- Data below
+++
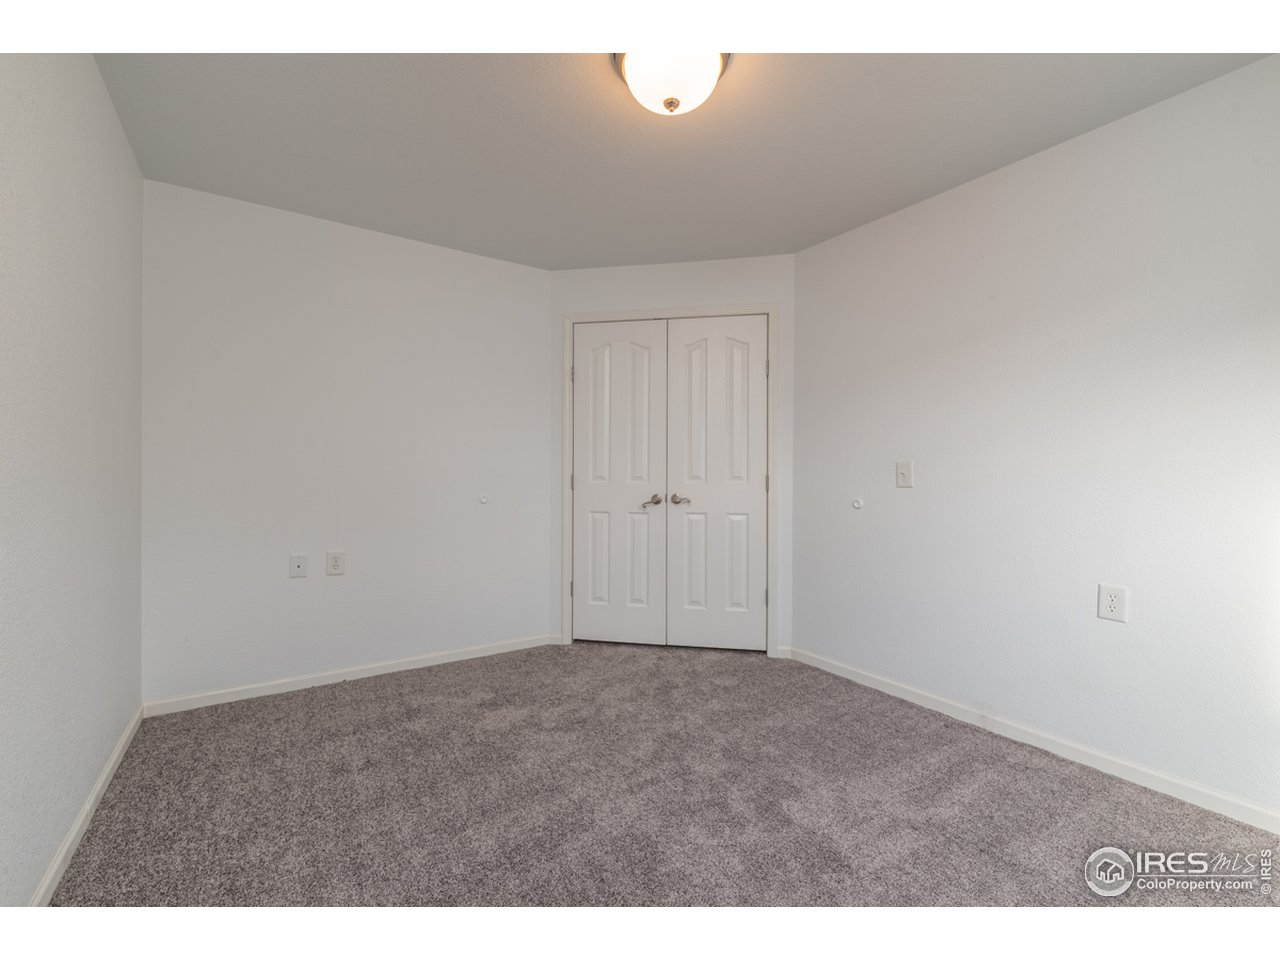 NON CONFORMING 3rd Bedroom/office/den
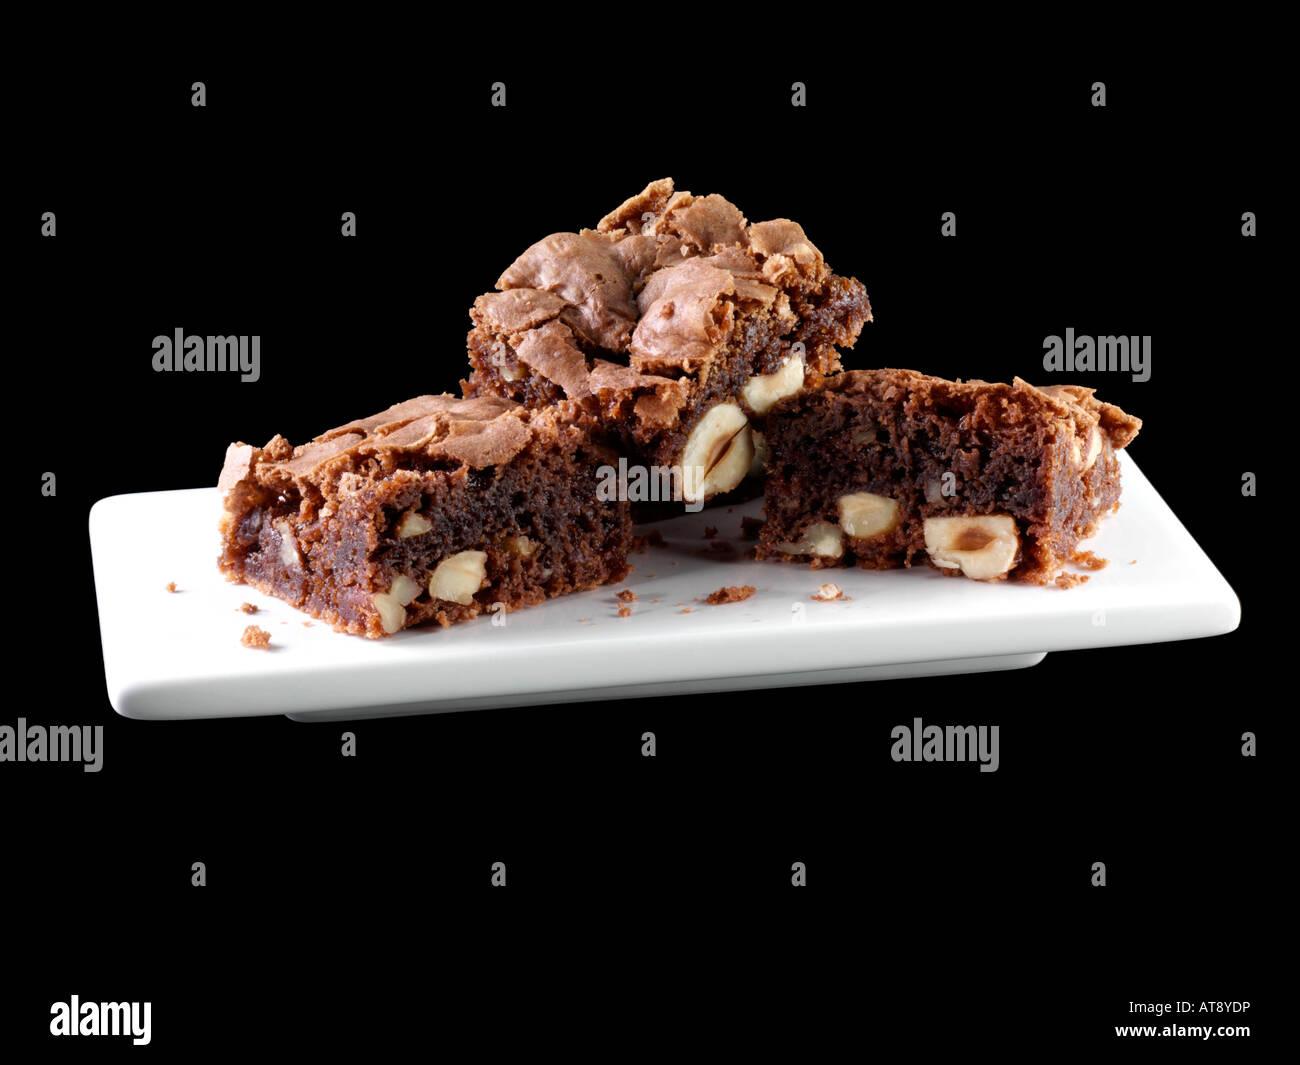 American chocolate brownies editorial food - Stock Image
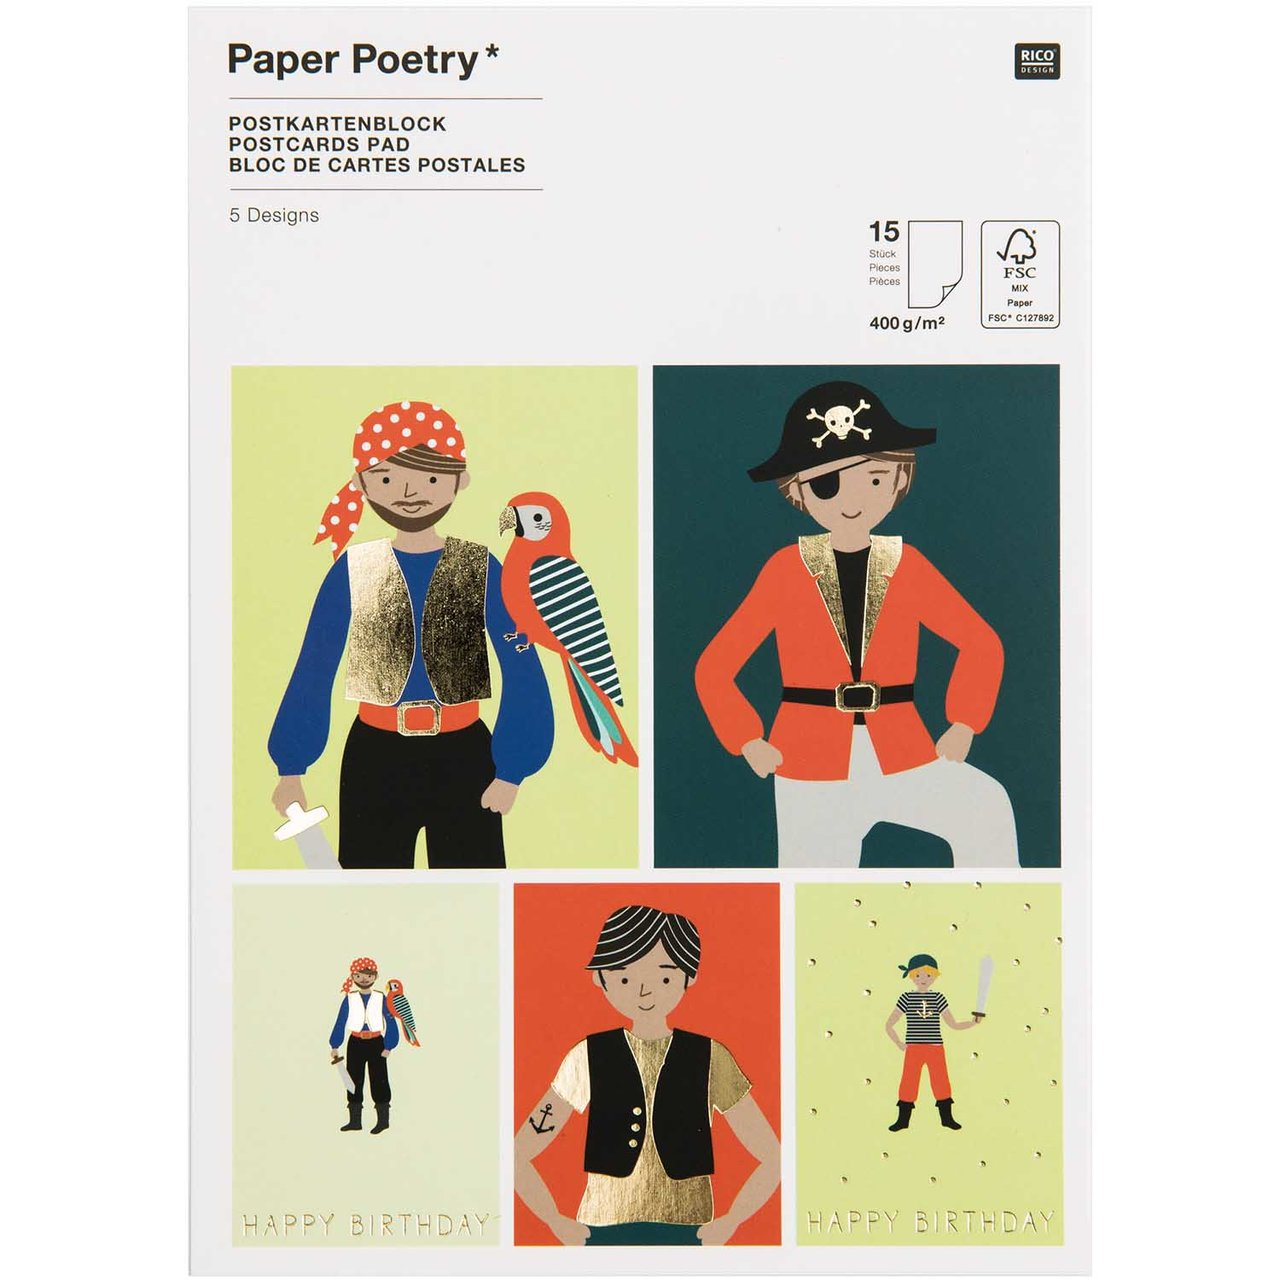 Paper Poetry Postkartenblock Pirat 400g/m² 15 S...
+++
- Exercise
Could the lines from the one with "American chocolate brownies" through the last line of the material above be written out exactly, both included, with pictures left out?

- Answer to this task
 American chocolate brownies editorial food - Stock Image
 Paper Poetry Postkartenblock Pirat 400g/m² 15 S...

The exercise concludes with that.